"Инго и Инграбан" - читать интересную книгу автора (Фрейтаг Густав)

5. Сходка у леса

Подобно дикому вепрю Инграм внесся в свой «Вороний двор». Он оттолкнул от себя Вунигильду, рабыню, протянувшую к нему руки, и коротко ответил слугам, которые радостно приветствовали его. Одолеваемый сном, Инграм бросился на свою постель, но тяжкие мысли волновали его. Без меча и копья, жалким рабом возвратился он во двор своих предков и еще раз прошедшее пронеслось перед глазами: насмешливые лица сорбов, горящая деревня, гневно отвернувшаяся от него женщина и чужеземный юноша, перед которым Вальбурга опустилась на колени. Он сжал кулаки и отбросил от себя меховое одеяло.

– Они уже в деревне? – крикнул Инграм вошедшему Вольфраму.

– Мало кто не спал и никто не может ничего сказать о них, – ответил Вольфрам. – Вокруг хижины монаха все тихо. Если они улетели, то мало кто знает, где они остановятся. Если скрылись в горах, то никому не известно, когда возвратятся.

Инграм поспешил к двери.

– Куда? – вскричал Вольфрам.

Он принудил его снова лечь в постель, а сам тихо сел подле него. И снова начал рассказ о лесных дорогах, которые они исходили вдоль и поперек и о чарах монаха. Наконец голова Инграма склонилась на подушку и сон одолел его. Только тогда Вольфрам ушел в свою светлицу.

Когда поздним утром Инграм очнулся от беспокойного сна, Вольфрам уже стоял возле постели.

– Не следовало бы будить тебя, но если ты выйдешь за дверь, то увидишь невероятное. Долина изменилась, многие собрались из окрестностей. Вокруг дома Меммо толпятся христиане и язычники. Прибыл сам Герольд, новый граф, присланный повелителем франков для охраны границ, а с ним его жена Берсвильда. Я вижу множество копий начальников и мужей из всех лесных сел. Да и на твоем дворе топают кони добрых приятелей. Ждет тебя твой товарищ Бруно, Куниберт и многие друзья, потому что оповещено послание повелителя франков и все суетятся вокруг чужеземца.

Инграм вскочил с постели и вышел за ворота, где многие из почтенных людей приветствовали его. Но все взоры невольно устремлялись на луг и поле, окружавшие дом христианина Меммо. Изумленный Инграм смотрел на праздничную суматоху, на бивших копытами коней, вооруженных всадников и бесчисленное множество соотечественников. Здесь были Азульф, один из первейших в стране, Гундари, сын Ротари, человек зажиточный, Годолаф, могущественный воин, Альбольд и многие другие.
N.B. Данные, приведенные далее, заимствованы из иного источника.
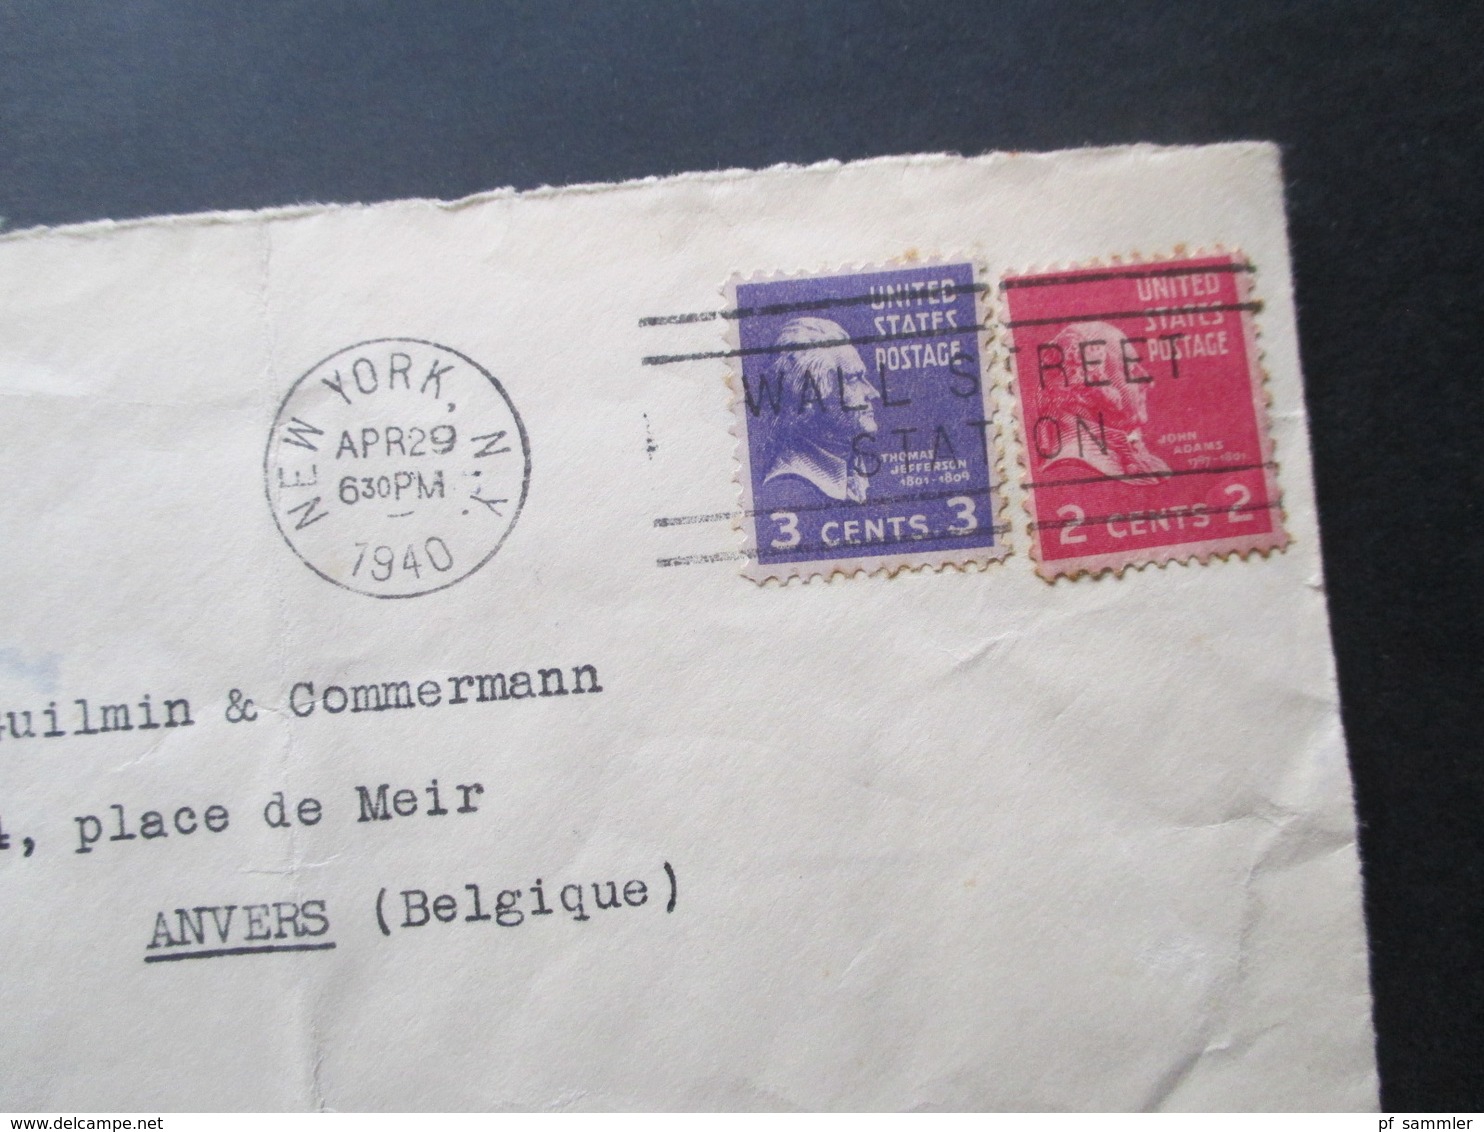 USA 1940 Zensurbeleg New York - Anvers Belgien Opened By Examiner 5094 Und OKW Zensur Streifen Und Zensurstempel - Storia Postale
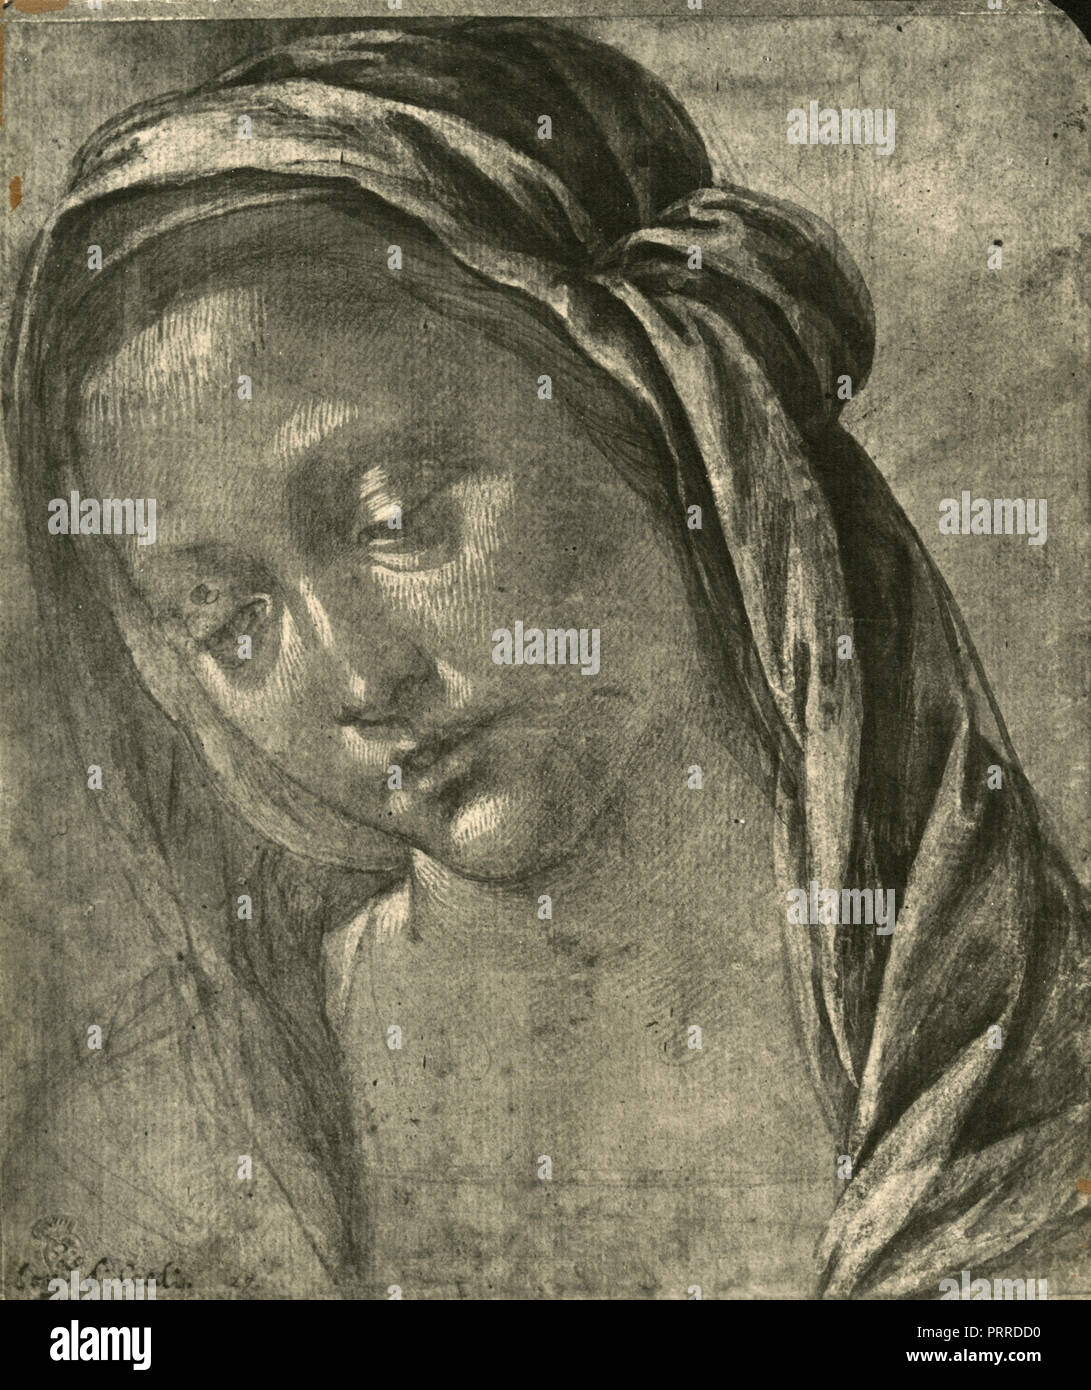 Tête de Madonna, études dessin de Lorenzo di Credi, 1920 Banque D'Images

– Истинно, – с изумлением вскричал Вольфрам, – много чести оказывают наши начальники заезжему чужеземцу.

– Никогда я не думал, что в нашей стране живет такое множество народа, преклоняющихся перед крестом.

Из хижины показался Винфрид в епископском одеянии, его одежда сверкала золотом и серебром, а в руке он держал посох. Меммо и еще один священник следовали за ним.

К Инграму и Вольфраму присоединился Куниберт.

– Видно, народ наш сбился с толку, – сказал он. – Да и ты, Инграм, как я слышал, ездил слугой чужеземного епископа?

– Я ездил к сорбам по собственному делу, – мрачно ответил Инграм. – Но вы, как кажется, собрались для того, чтобы ударить челом чужеземцу?

– Ты не знаешь, отчего он в чести у народа. Он привез в страну латинские грамоты, послание повелителя франков к нашим начальникам и всему народу. Граф Герольд приказал прочесть письмо своему священнику. Епископ должен находиться в безопасности среди нас, так как повелитель франков берет его под свою защиту. Все это сказано в письме.

– Если неприятная весть входит в ухо, – вскричал Инграм, – то изгнать ее можно языком, а не поможет язык, то и мечом.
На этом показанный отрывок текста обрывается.